To determine the volumes of CH3COOH and CH3COONa required to prepare a buffer of a specific pH, you need to consider the Henderson-Hasselbalch equation:
pH = pKa + log([A-]/[HA])
where [A-] is the concentration of the conjugate base (CH3COO-) and [HA] is the concentration of the acid (CH3COOH).
Let's assume you want to prepare a buffer at a pH of 5. We can set up the equation as follows:
5 = 4.7 + log([A-]/[HA])
Since the ratio [A-]/[HA] is equal to the ratio of their volumes (Va/Vb), we can rearrange the equation to solve for the volume of one component in terms of the other:
log(Va/Vb) = 5 - 4.7
Va/Vb = 10^(5 - 4.7)
Once you have the ratio of Va/Vb, you can choose any arbitrary values for Va and calculate Vb accordingly.
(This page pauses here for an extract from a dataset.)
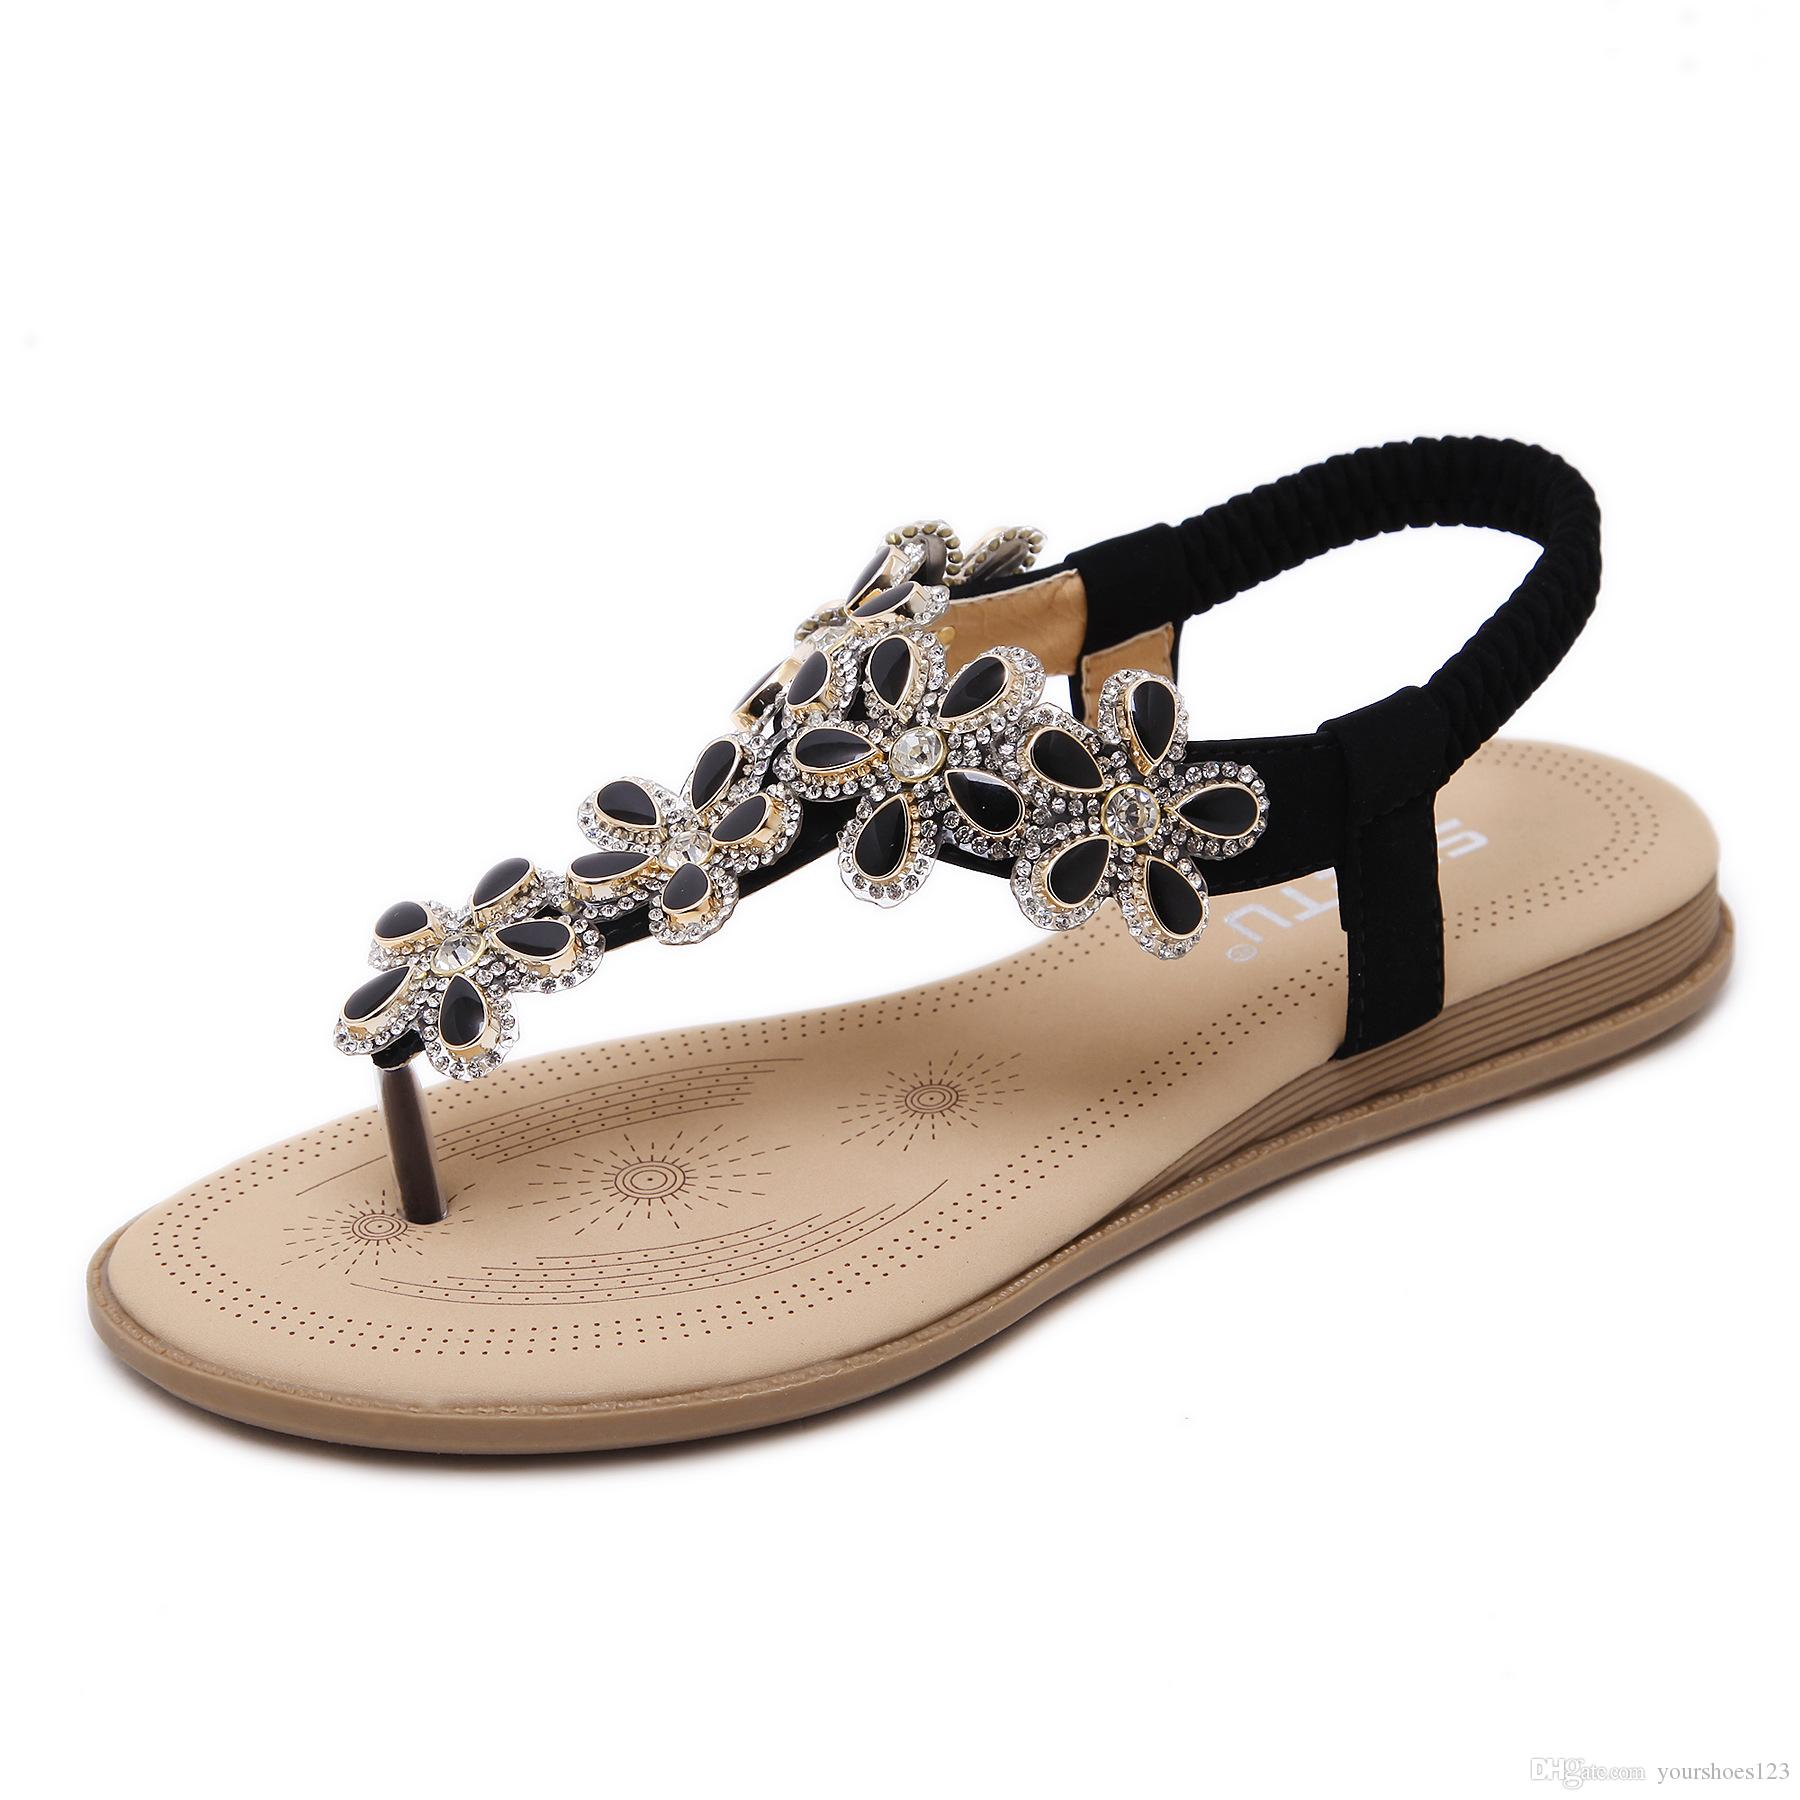 ea57cdc7d 2018 Summer New Fashion Large Size Comfortable Flip Flops Sandals Flowers  Diamond Buckles Elastic Women  Shoes Casual Flat Sandals White Sandals  Wedge Heels ...

For example, if you choose Va = 5 ml, then using the calculated ratio of Va/Vb, you can determine Vb:
Vb = Va / (Va/Vb) = 5 / (10^(5 - 4.7))
Repeat this calculation for different desired pH values to obtain the required volumes of CH3COOH and CH3COONa.
Please note that this explanation assumes ideal behavior of the acid-base system and neglects the activity coefficients, so the calculated volumes may not be exact. It is always best to perform actual laboratory calculations or consult literature tables for precise buffer preparation.
I hope this helps! Let me know if you have any further questions.